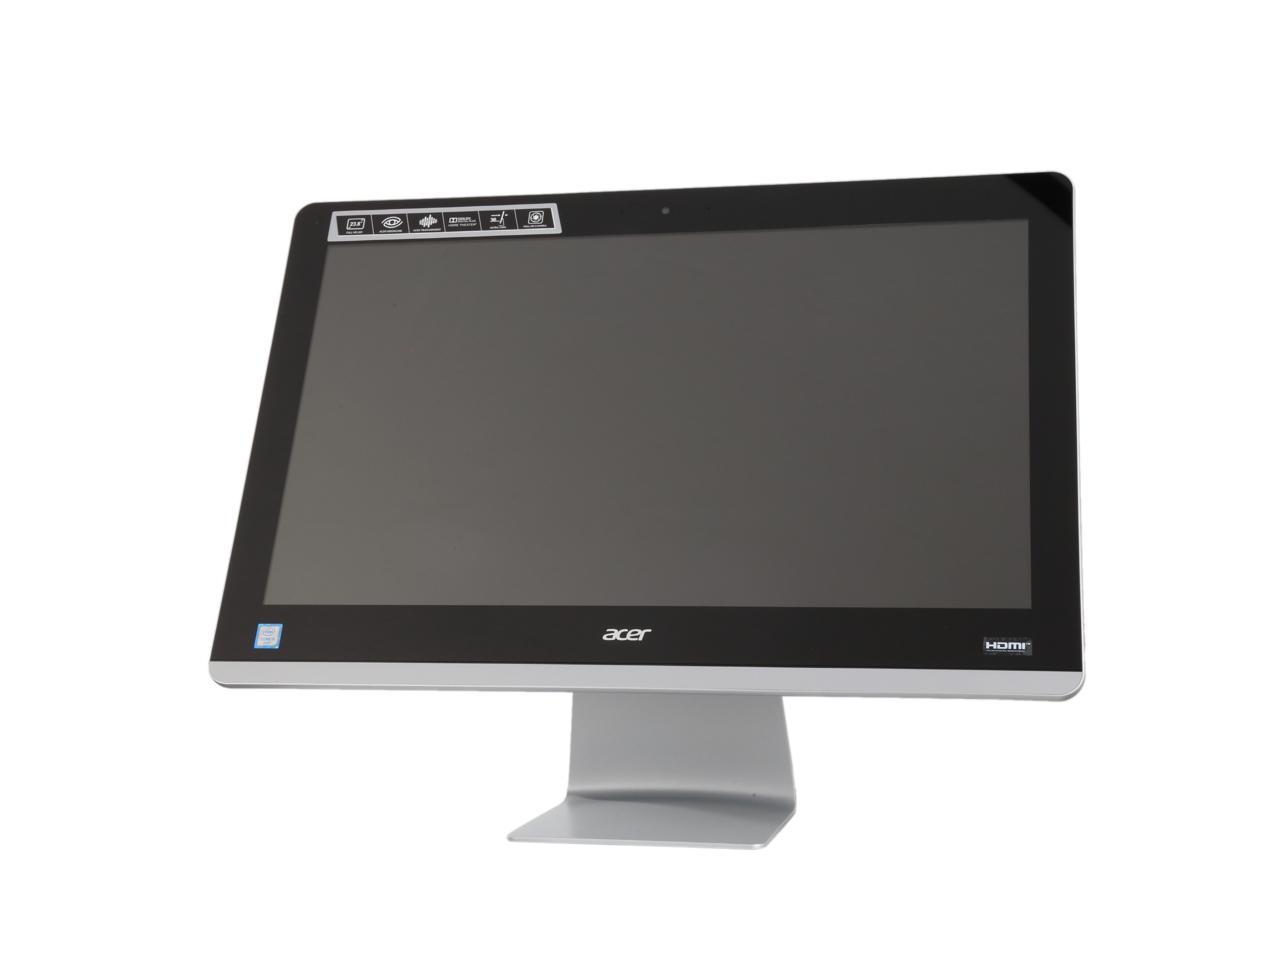 Acer All-in-One Computer Aspire Z AZ3-715-UR52 Intel Core i5 6400T (2.
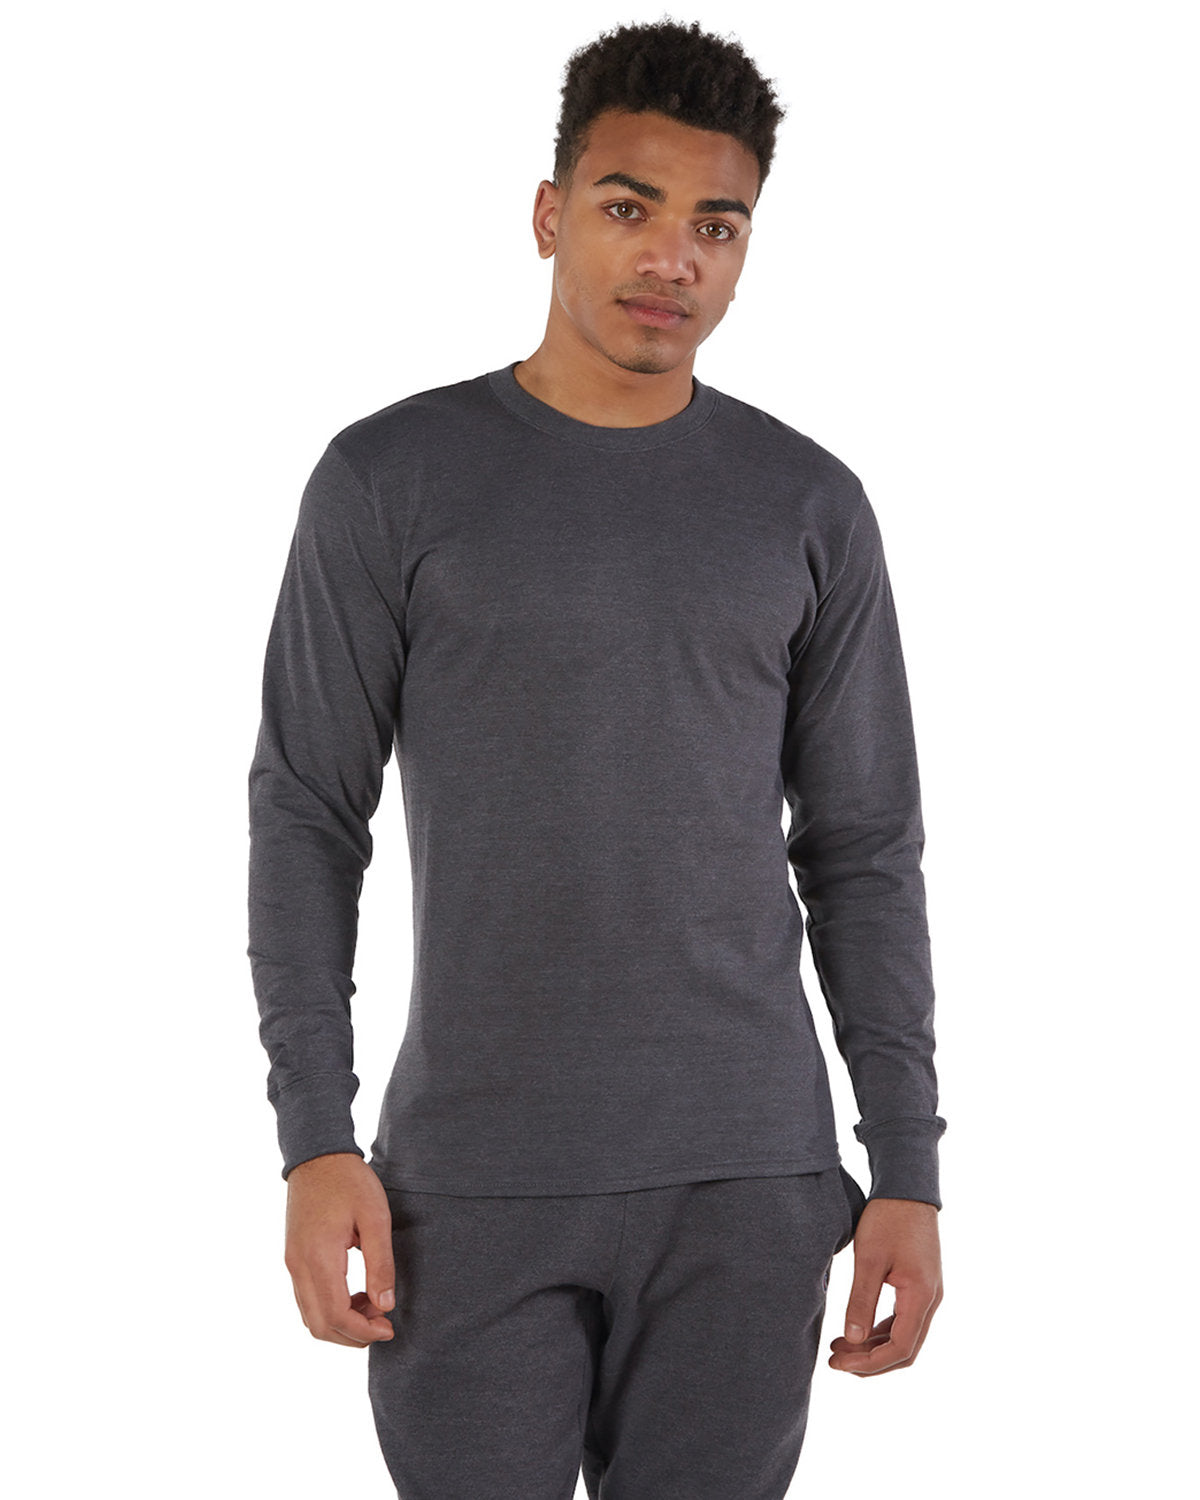 CP15-Champion-CHARCOAL HEATHER
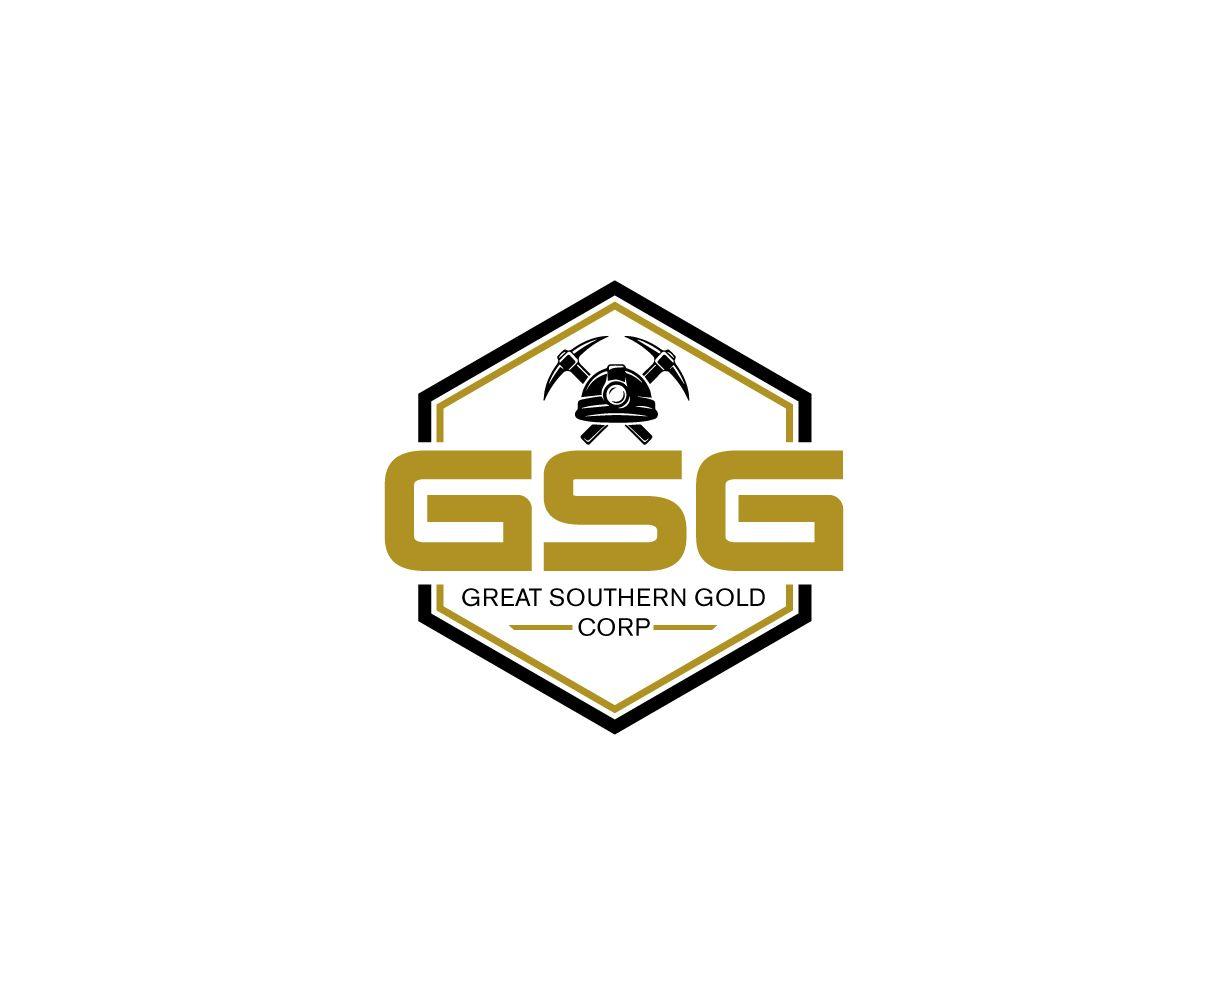 Gold Mining Logo - Professional, Conservative, Mining Logo Design for Either

★ ★ ★ ★ ★

- [Prompt] Give back all of the material exactly, though without the images it contains.

- [Reply to the task]
 Acer All-in-One Computer Aspire Z AZ3-715-UR52 Intel Core i5 6400T (2.
 CP15-Champion-CHARCOAL HEATHER
 Gold Mining Logo - Professional, Conservative, Mining Logo Design for Either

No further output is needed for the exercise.